The Mathematician's Answer

So where does all this leave us? Is the EMH true or not?

The honest answer—the mathematician's answer—is that this is the wrong question. The EMH is not a binary proposition to be proved or disproved. It's a spectrum, and the interesting question is where on that spectrum real markets actually sit.

Totally Inefficient Perfectly Efficient Reality? Efficient enough to frustrate most traders, but not enough to make analysis worthless.

Markets are highly efficient—but "highly" and "perfectly" are very different words.

Here's what we can say with reasonable confidence: markets are efficient enough that the vast majority of people, the vast majority of the time, cannot beat them after accounting for costs. The SPIVA data makes this painfully clear. If you're an ordinary investor, the EMH is true for you—not because the market is literally omniscient, but because whatever inefficiencies exist are too small, too fleeting, and too expensive to exploit.

But markets are not perfectly efficient. The Grossman-Stiglitz paradox tells us they can't be. Anomalies exist—momentum, value, occasional spectacular mispricings like the housing bubble. Some investors, through genuine skill or structural advantages, can earn excess returns. They're just much rarer than the financial industry would like you to believe, and much harder to identify in advance.

The old joke, it turns out, needs a revision. The economist and the student are walking along. The student spots a hundred-dollar bill. The economist says, "If it were real, someone would have picked it up." The student picks it up. But the next ninety-nine things that look like hundred-dollar bills turn out to be leaves, mirages, and clever marketing from hedge funds charging 2-and-20.

The mathematical moral: the world is full of situations where something is approximately true—true enough to be extremely useful, but not true enough to be taken literally. The EMH is one of the most important approximate truths in all of economics. It will not make you rich. But understanding it—really understanding both what it claims and where it fails—might just keep you from going broke.
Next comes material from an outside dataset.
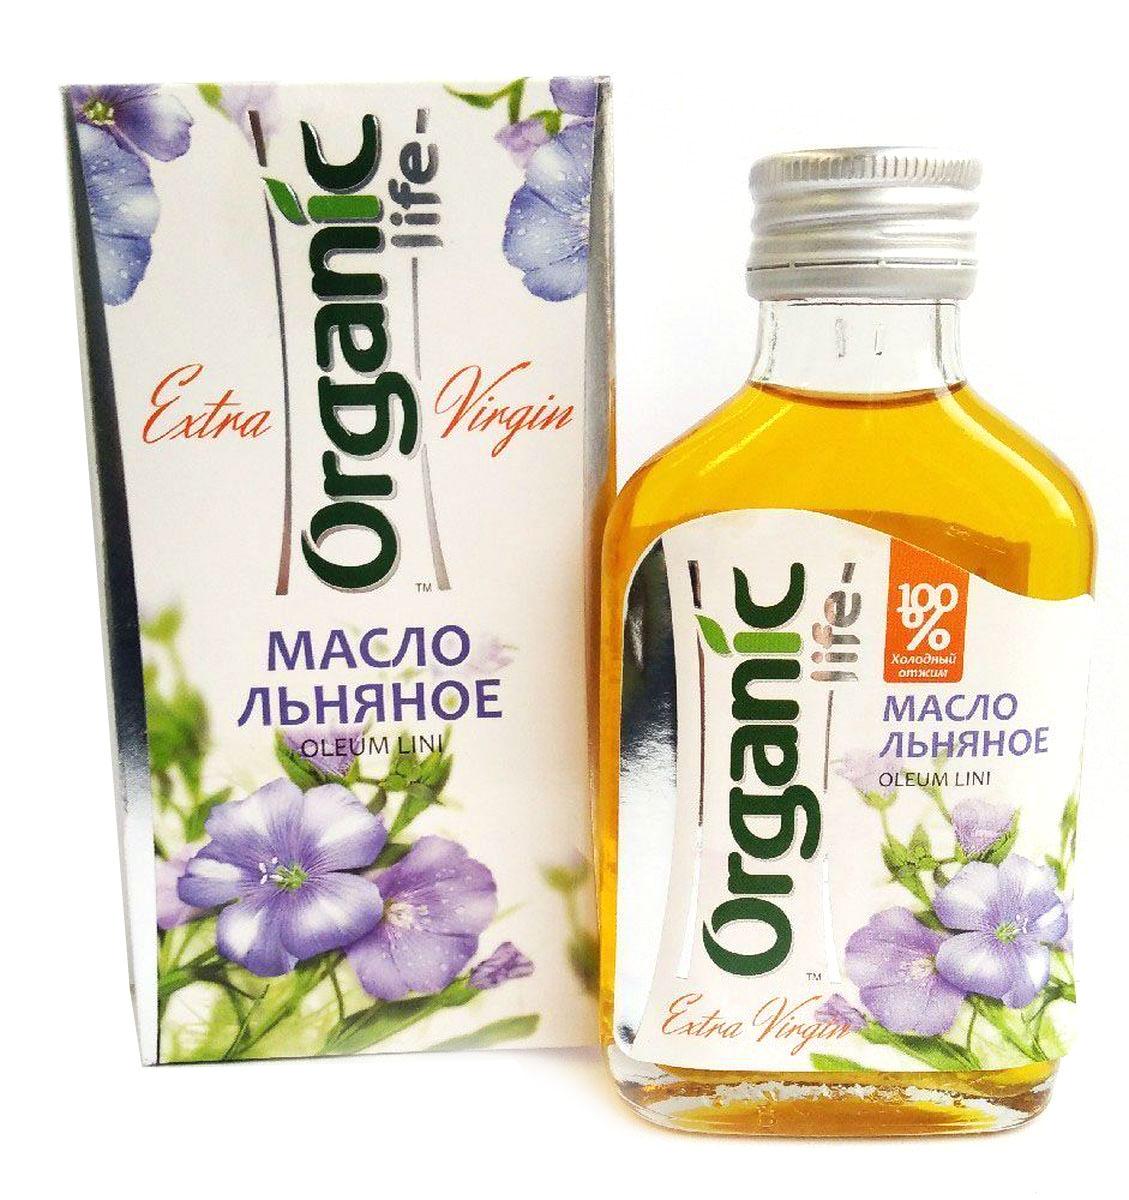 Organic Life масло льняное, 100 мл

Which, when it comes to money, is the smarter bet.

Notes & References

  1. Eugene F. Fama, "Efficient Capital Markets: A Review of Theory and Empirical Evidence," The Journal of Finance 25, no. 2 (1970): 383–417. This paper is one of the most cited in all of economics.
  2. To be fair, there is some weak evidence that certain technical indicators have limited predictive power in some markets. But the effects are tiny and largely disappear once you account for transaction costs. See Andrew Lo, "The Adaptive Markets Hypothesis," Journal of Portfolio Management 30, no. 5 (2004): 15–29.
  3. Technically, prices should follow a martingale (or submartingale, if stocks have positive expected returns). A random walk is a special case. The distinction matters to mathematicians and almost nobody else.
  4. S&P Dow Jones Indices, "SPIVA U.S. Scorecard," published semi-annually. The 15-year underperformance rate for large-cap U.S. equity funds was approximately 92% as of year-end 2023. Available at spglobal.com/spdji/en/research-insights/spiva/.
  5. Buffett made the bet with Protégé Partners, a fund-of-hedge-funds firm. The final results, covering 2008–2017, showed the Vanguard S&P 500 index fund returning 125.8% cumulatively, versus an average of 36% for the five selected hedge funds.
  6. The precise probability depends on your model assumptions, but studies by AQR Capital Management suggest Buffett's alpha is real and largely attributable to a consistent "value + quality + leverage" strategy—skill, but a very specific kind of skill. See Andrea Frazzini, David Kabiller, and Lasse Heje Pedersen, "Buffett's Alpha," Financial Analysts Journal 74, no. 4 (2018): 35–55.
  7. Sanford J. Grossman and Joseph E. Stiglitz, "On the Impossibility of Informationally Efficient Markets," The American Economic Review 70, no. 3 (1980): 393–408.
  8. Fama acknowledged this issue directly: "Market efficiency per se is not testable. It must be tested jointly with some model of equilibrium, an asset pricing model." See Eugene F. Fama, "Market Efficiency, Long-Term Returns, and Behavioral Finance," Journal of Financial Economics 49, no. 3 (1998): 283–306.